╔══

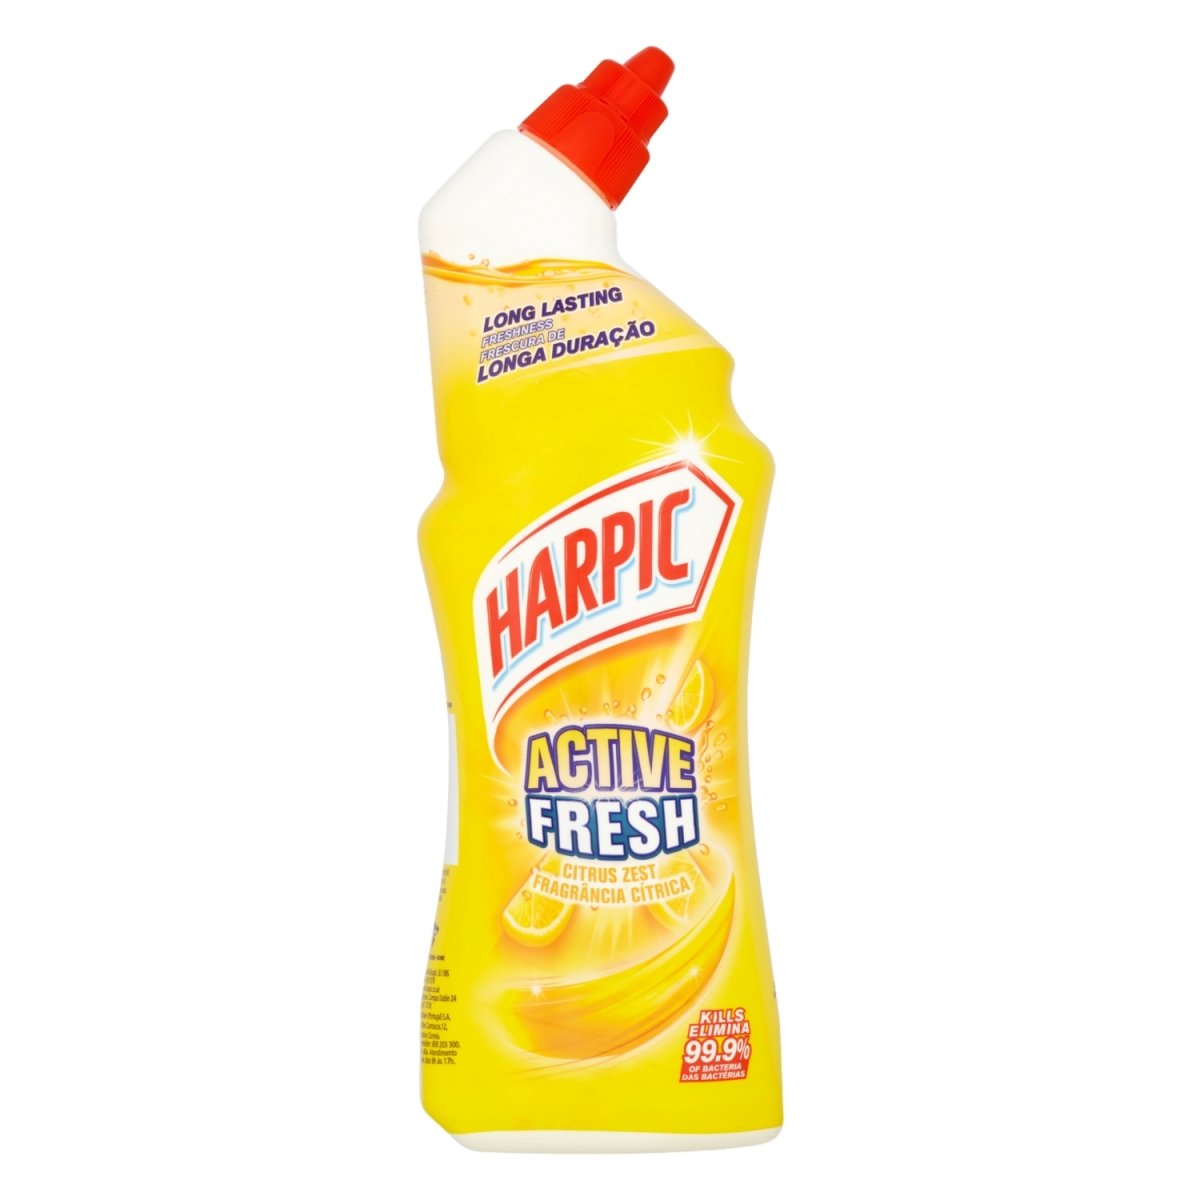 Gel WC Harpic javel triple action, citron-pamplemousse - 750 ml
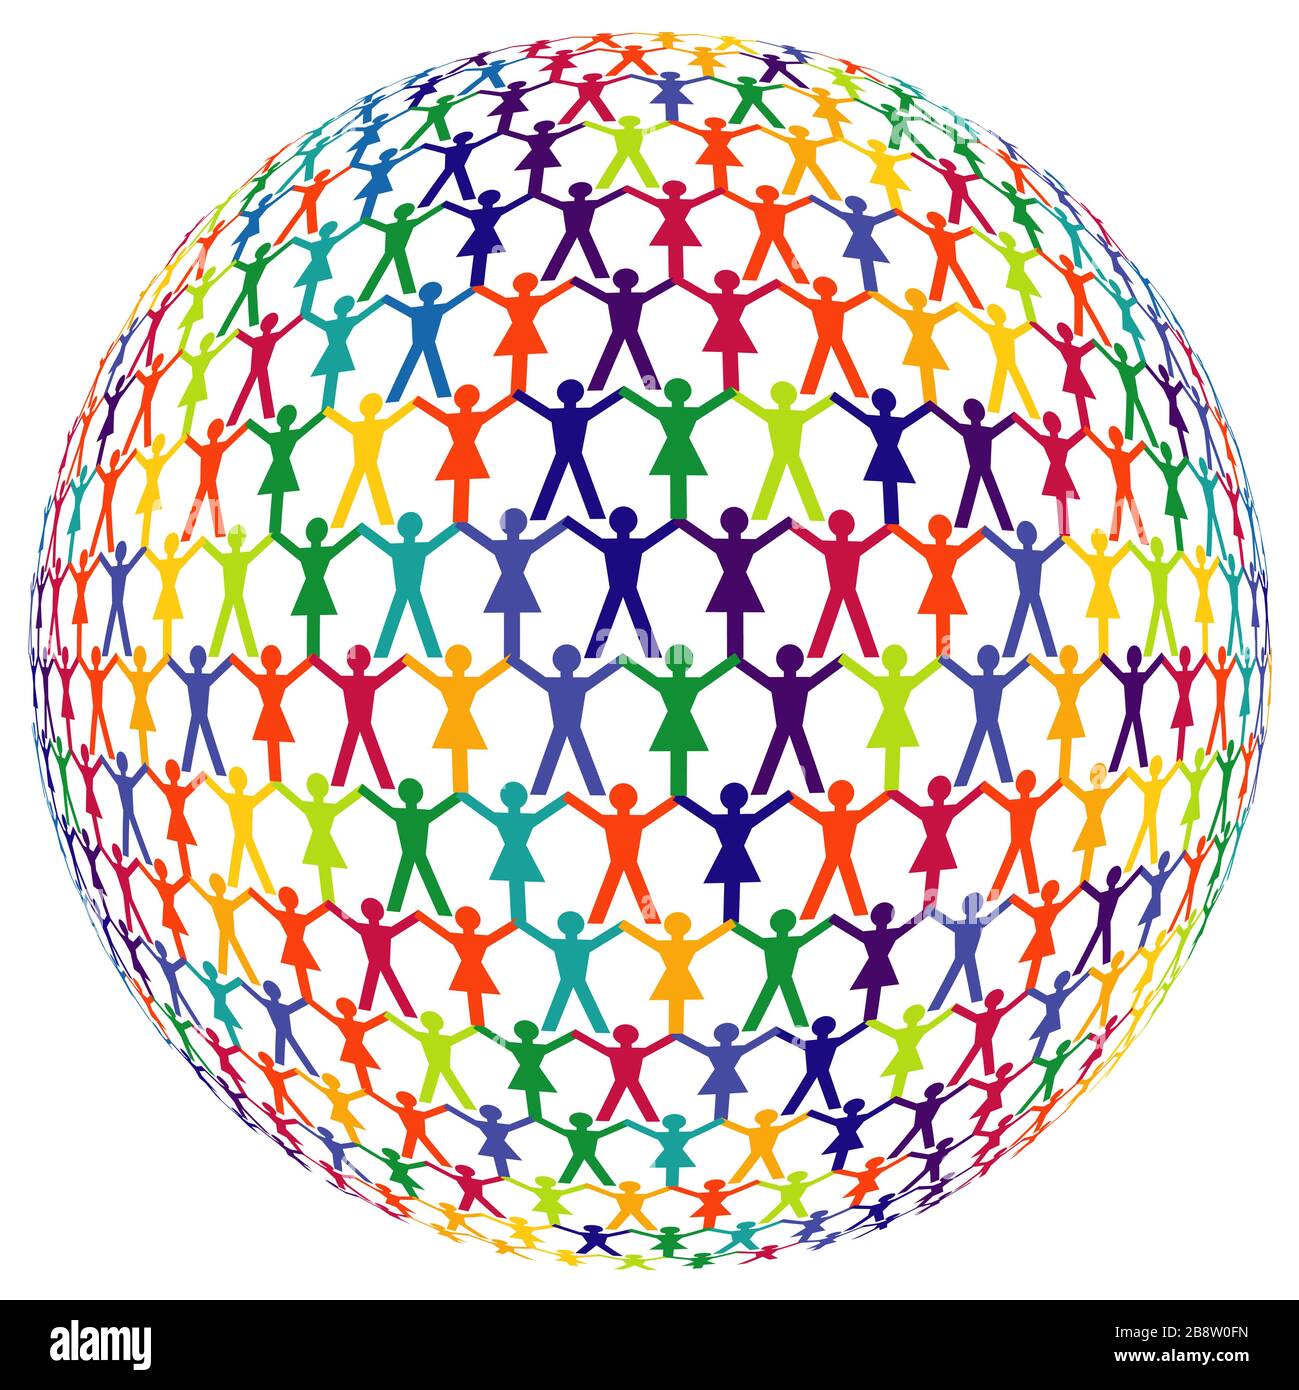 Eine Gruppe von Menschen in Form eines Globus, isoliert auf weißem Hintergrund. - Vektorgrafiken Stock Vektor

╚══
╔══

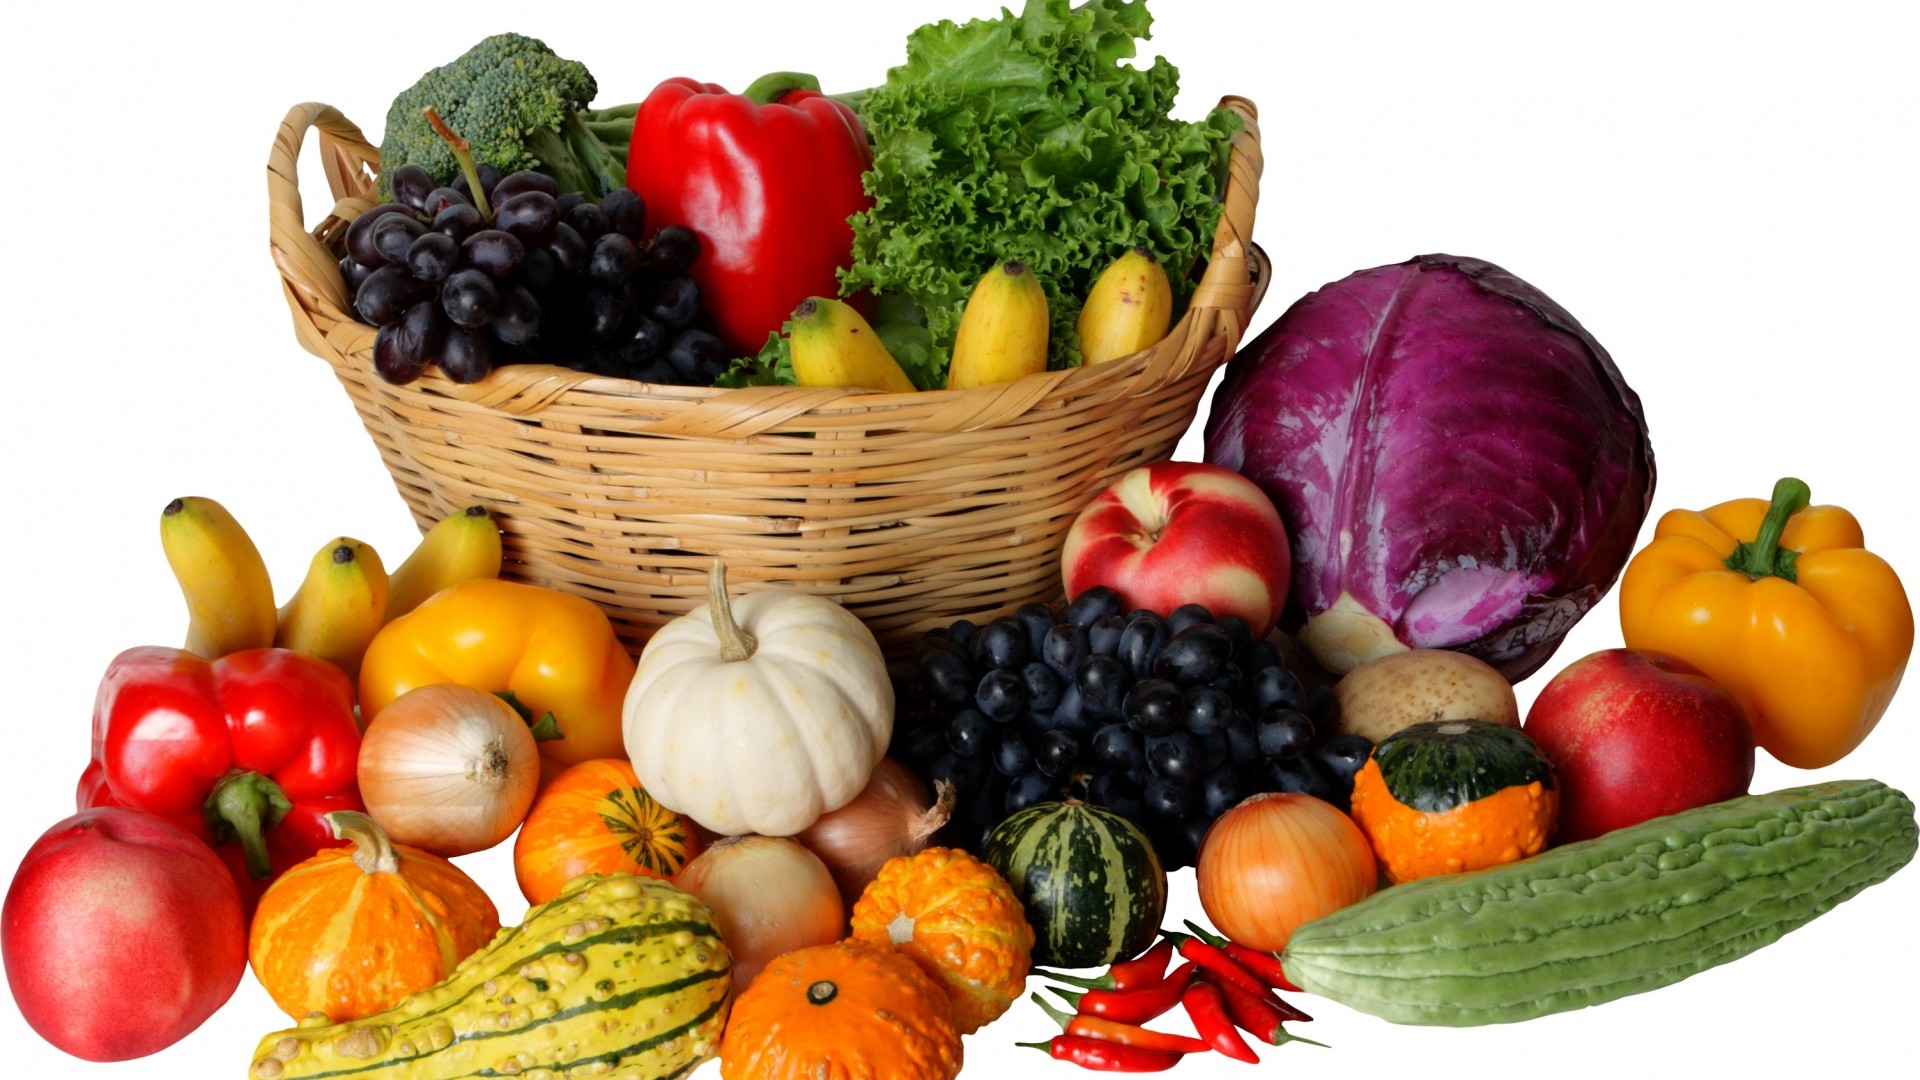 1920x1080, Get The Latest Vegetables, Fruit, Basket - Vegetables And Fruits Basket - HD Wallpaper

╚══

» EXERCISE:
Return exactly the lines of the material above, starting at the line containing "Gel WC Harpic" and finishing at the line containing "Eine Gruppe von", without any pictures.

» WRITTEN SOLUTION:
 Gel WC Harpic javel triple action, citron-pamplemousse - 750 ml
 Eine Gruppe von Menschen in Form eines Globus, isoliert auf weißem Hintergrund. - Vektorgrafiken Stock Vektor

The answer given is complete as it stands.